### EXERCISE GOAL
Leave the pictures out. Return all other data exactly.

### DATA PROVIDED

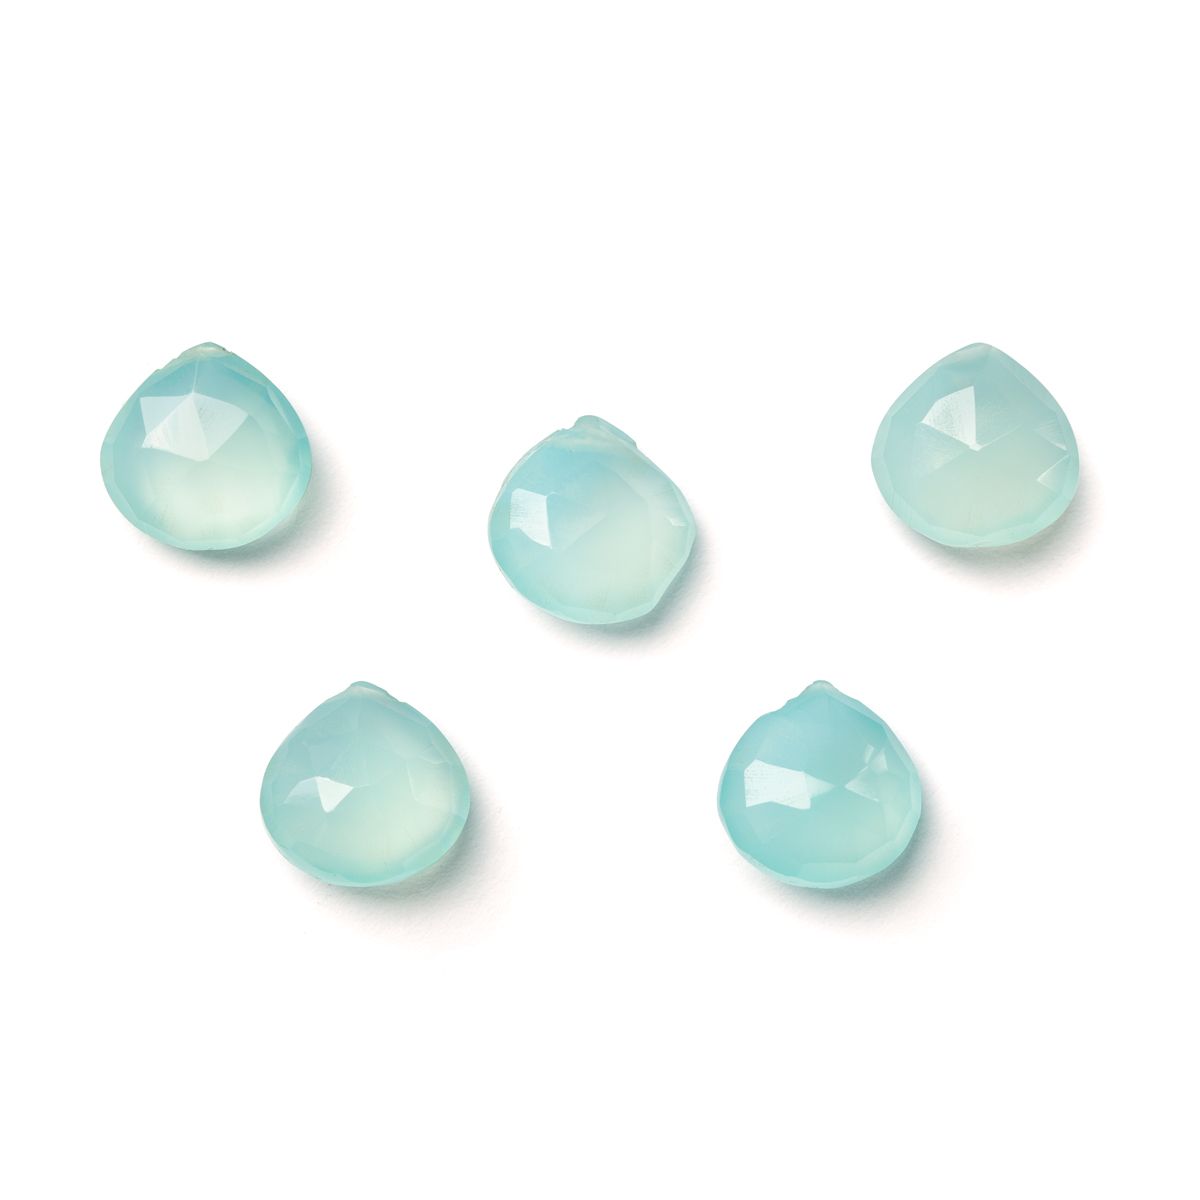 Aqua Blue Chalcedony Faceted Heart Briolette Beads - Approx 10mm
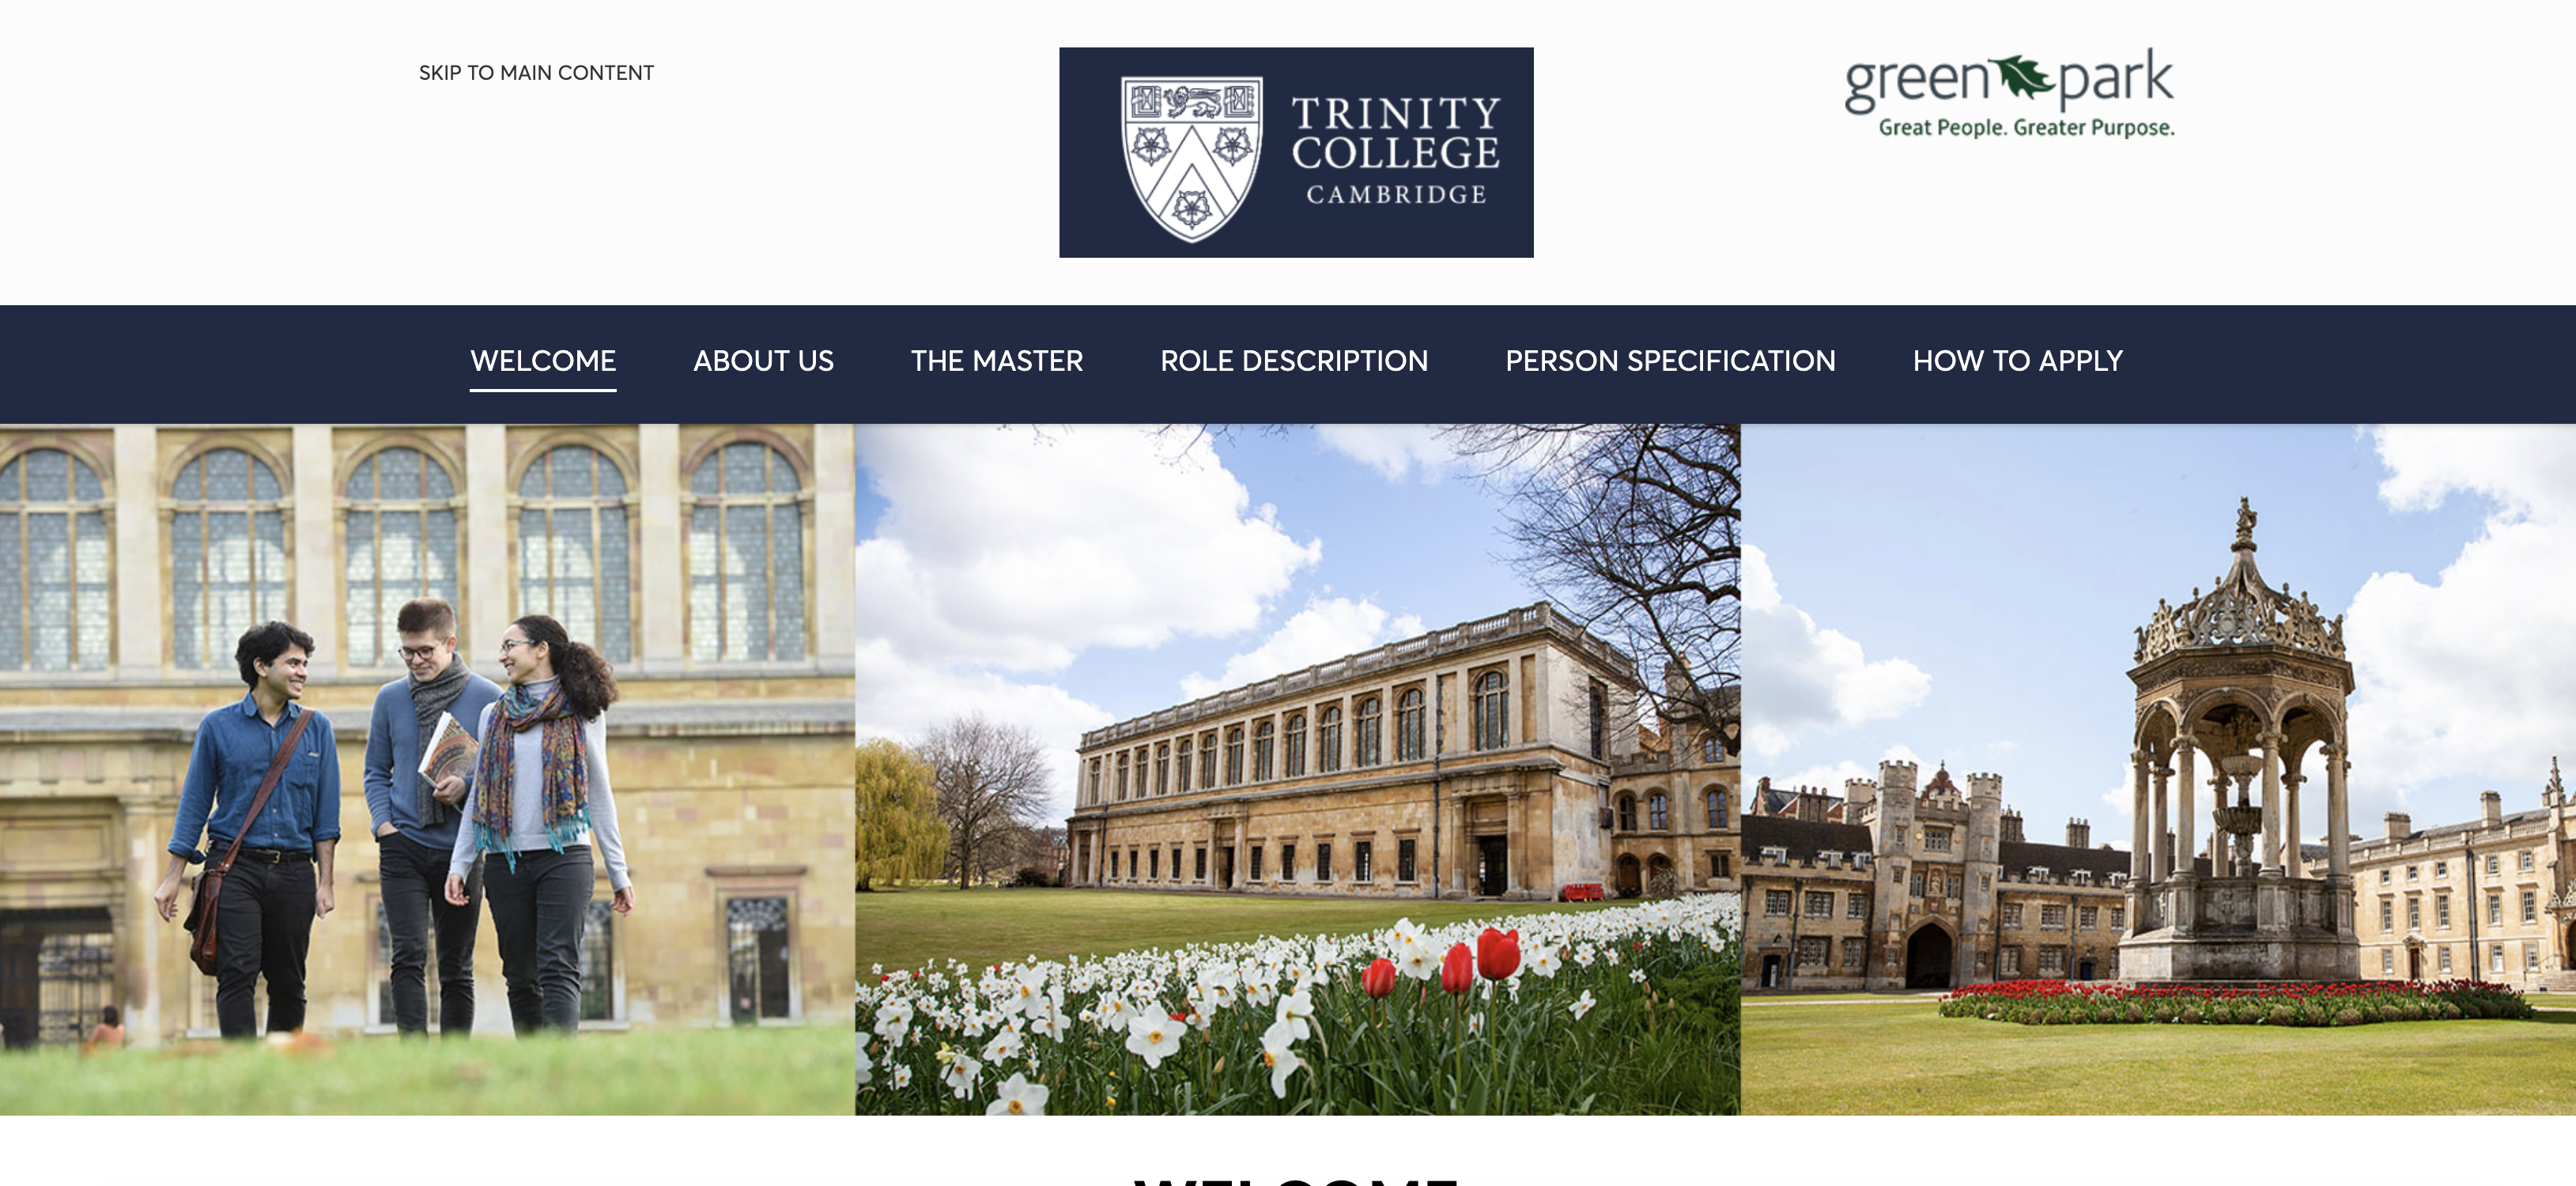 Welcome to Trinity College
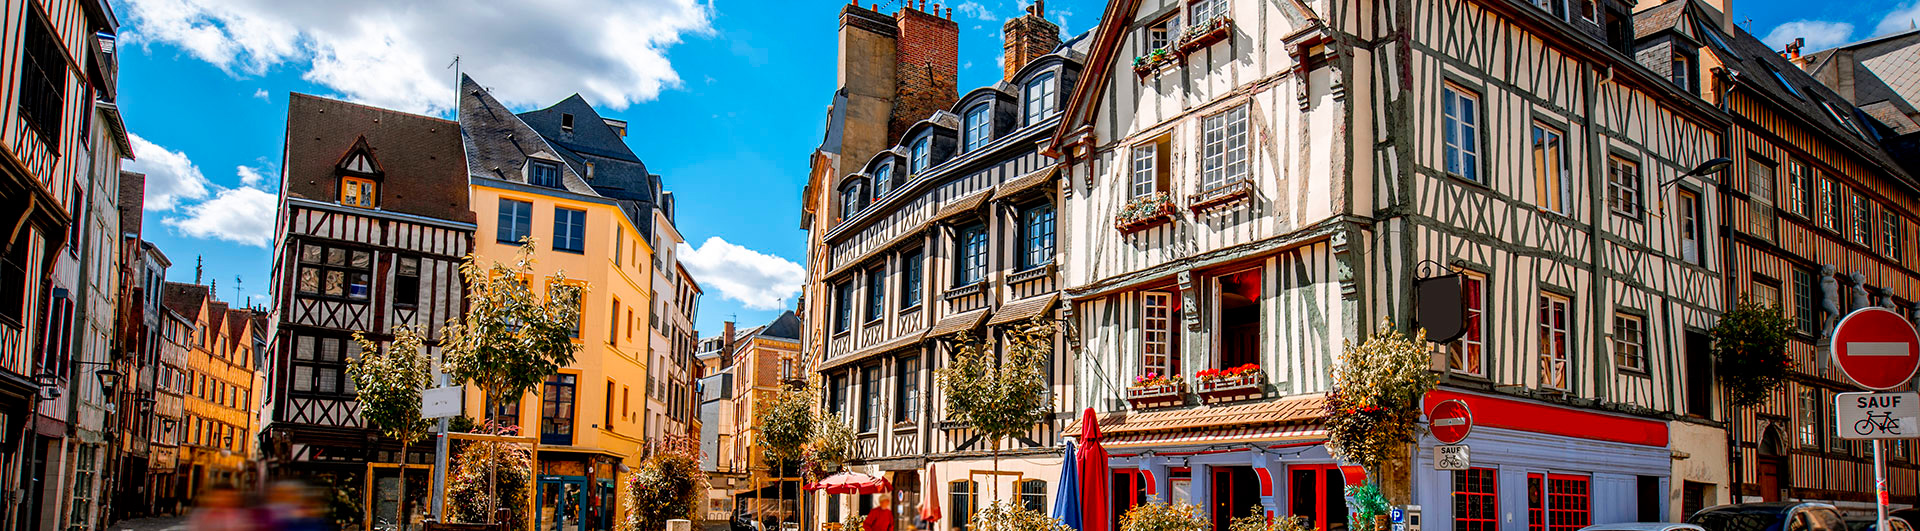 Fun guided tour of Rouen for the whole family

### RESPONSE BOX
 Aqua Blue Chalcedony Faceted Heart Briolette Beads - Approx 10mm
 Welcome to Trinity College
 Fun guided tour of Rouen for the whole family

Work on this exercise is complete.